Reset repository history to current release state

c783336 8 days ago

3.58 kB

	---
	license: cc-by-4.0
	language:
	- en
	library_name: gguf
	tags:
	- automatic-speech-recognition
	- medical
	- parakeet
	- gguf
	- parakeet.cpp
	- omi-med-stt
	pipeline_tag: automatic-speech-recognition
	base_model: nvidia/parakeet-tdt-0.6b-v2
	---

	# Omi Med STT v1 GGUF

	GGUF export of [Omi Med STT v1](https://huggingface.co/omi-health/omi-med-stt-v1)
	for Linux and Windows CPU use through the `omi-med-stt` CLI.
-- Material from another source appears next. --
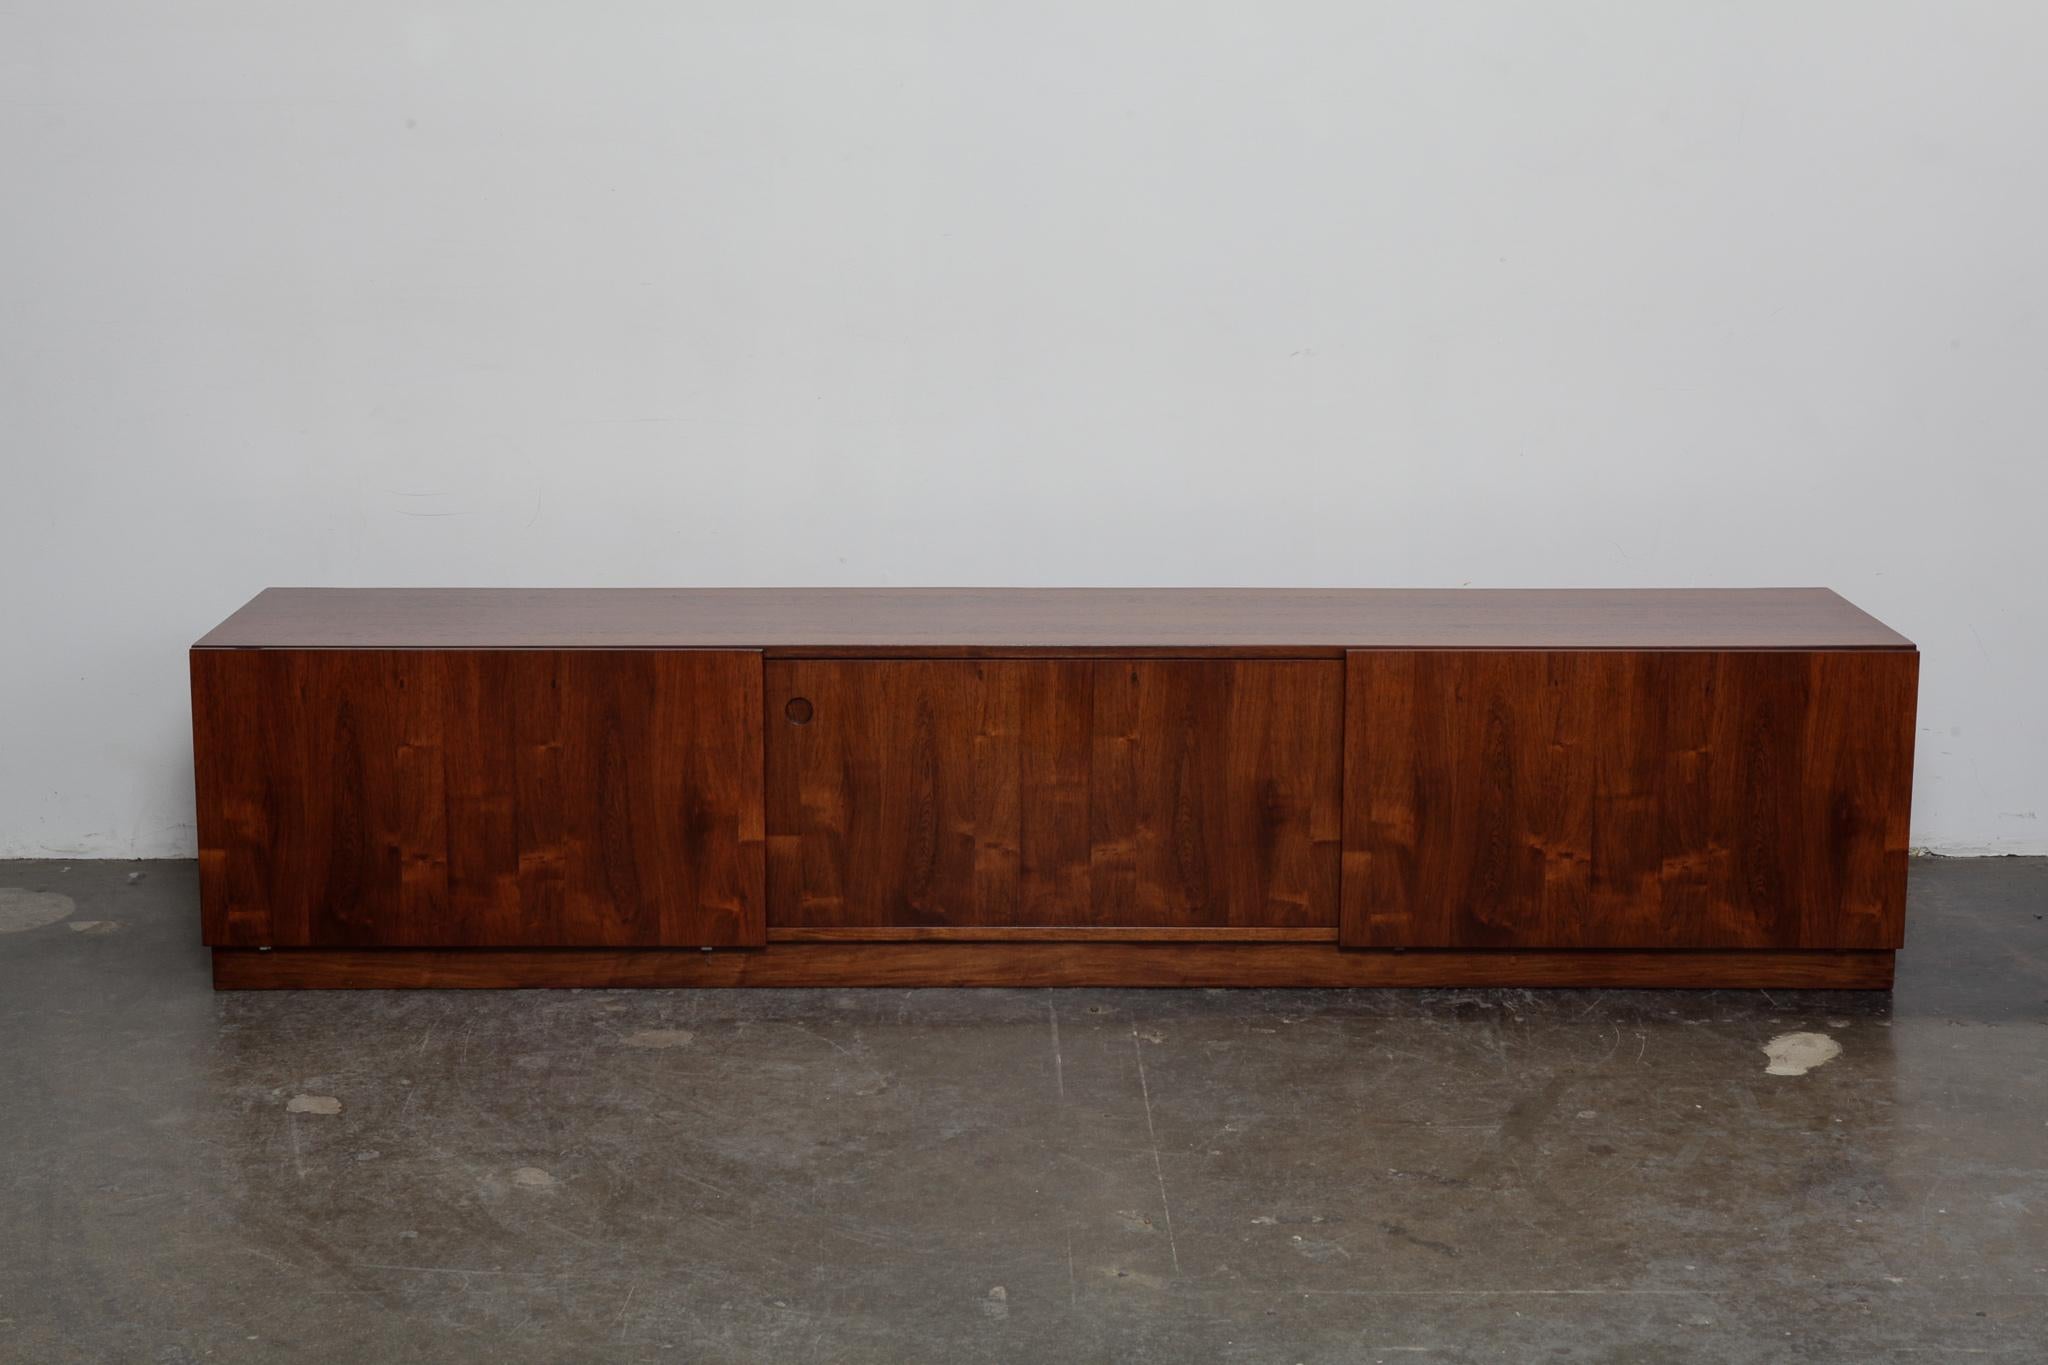 Long, very low rosewood sideboard, Danish, by Ib Kofod Larsen, produced by Faarup Mobelfabrik. It has 3 sliding doors with center drawers, sitting on a plinth base. Excellent grain throughout, newly refinished in lacquer.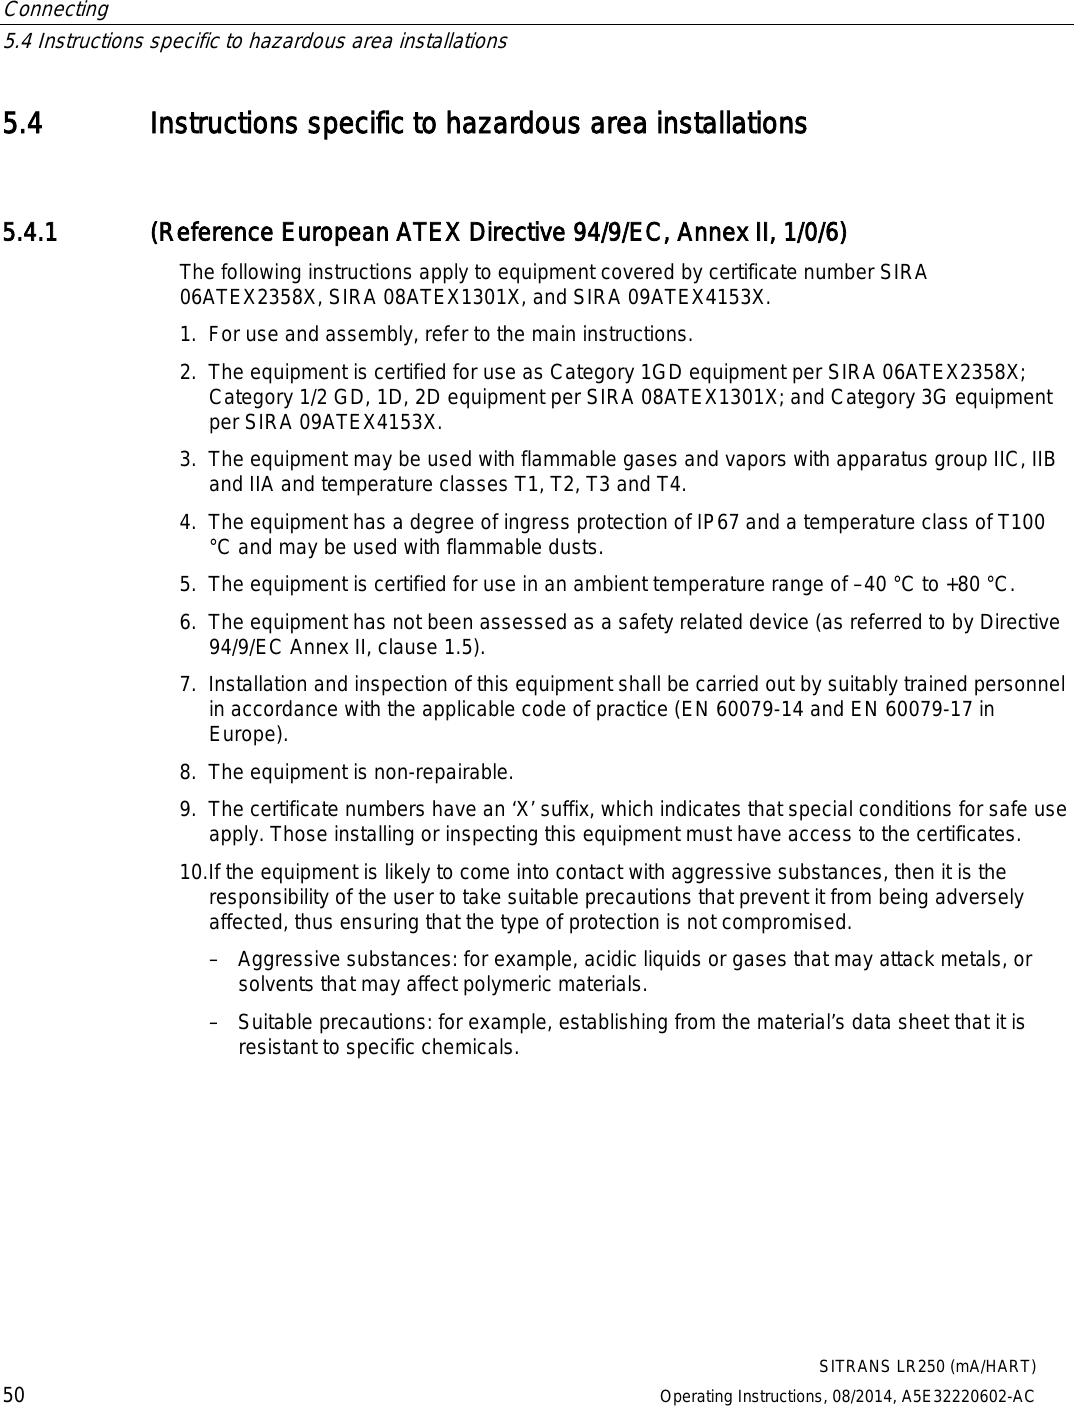 Connecting   5.4 Instructions specific to hazardous area installations  SITRANS LR250 (mA/HART) 50 Operating Instructions, 08/2014, A5E32220602-AC 5.4 Instructions specific to hazardous area installations 5.4.1 (Reference European ATEX Directive 94/9/EC, Annex II, 1/0/6) The following instructions apply to equipment covered by certificate number SIRA 06ATEX2358X, SIRA 08ATEX1301X, and SIRA 09ATEX4153X. 1. For use and assembly, refer to the main instructions. 2. The equipment is certified for use as Category 1GD equipment per SIRA 06ATEX2358X; Category 1/2 GD, 1D, 2D equipment per SIRA 08ATEX1301X; and Category 3G equipment per SIRA 09ATEX4153X. 3. The equipment may be used with flammable gases and vapors with apparatus group IIC, IIB and IIA and temperature classes T1, T2, T3 and T4. 4. The equipment has a degree of ingress protection of IP67 and a temperature class of T100 °C and may be used with flammable dusts. 5. The equipment is certified for use in an ambient temperature range of –40 °C to +80 °C. 6. The equipment has not been assessed as a safety related device (as referred to by Directive 94/9/EC Annex II, clause 1.5). 7. Installation and inspection of this equipment shall be carried out by suitably trained personnel in accordance with the applicable code of practice (EN 60079-14 and EN 60079-17 in Europe). 8. The equipment is non-repairable. 9. The certificate numbers have an ‘X’ suffix, which indicates that special conditions for safe use apply. Those installing or inspecting this equipment must have access to the certificates. 10.If the equipment is likely to come into contact with aggressive substances, then it is the responsibility of the user to take suitable precautions that prevent it from being adversely affected, thus ensuring that the type of protection is not compromised. – Aggressive substances: for example, acidic liquids or gases that may attack metals, or solvents that may affect polymeric materials. – Suitable precautions: for example, establishing from the material’s data sheet that it is resistant to specific chemicals.

	This is the portability path. If you have Apple Silicon, use the MLX q8 repo. If
	you have an NVIDIA GPU, use the canonical NeMo checkpoint.

	## Quickstart

	```bash
	pip install -U omi-med-stt
	omi-med-stt install-cpp --cpp-backend cpu
	omi-med-stt audio.wav --runtime cpp
	```

	## Files

	\| File \| Status \|
	\|---\|---\|
	\| `omi-med-stt-v1-q8_0.gguf` \| Default CPU artifact, benchmarked \|
	\| `omi-med-stt-v1-f16.gguf` \| Provided for conversion/experimentation; not independently benchmarked \|

	## Evaluation

	Full evaluation details: [omi.health/research/omi-med-stt](https://omi.health/research/omi-med-stt/).
	Benchmark: 7.18h of real and synthetic clinical speech across dialogue, dictation, medication review, procedures/devices/tests, and general speech. Speed is shown as time to process one hour of audio; lower is faster.

	### NeMo vs Open / Local Models

	Local GPU baselines were run on A10 where applicable; VibeVoice-ASR 9B used H100.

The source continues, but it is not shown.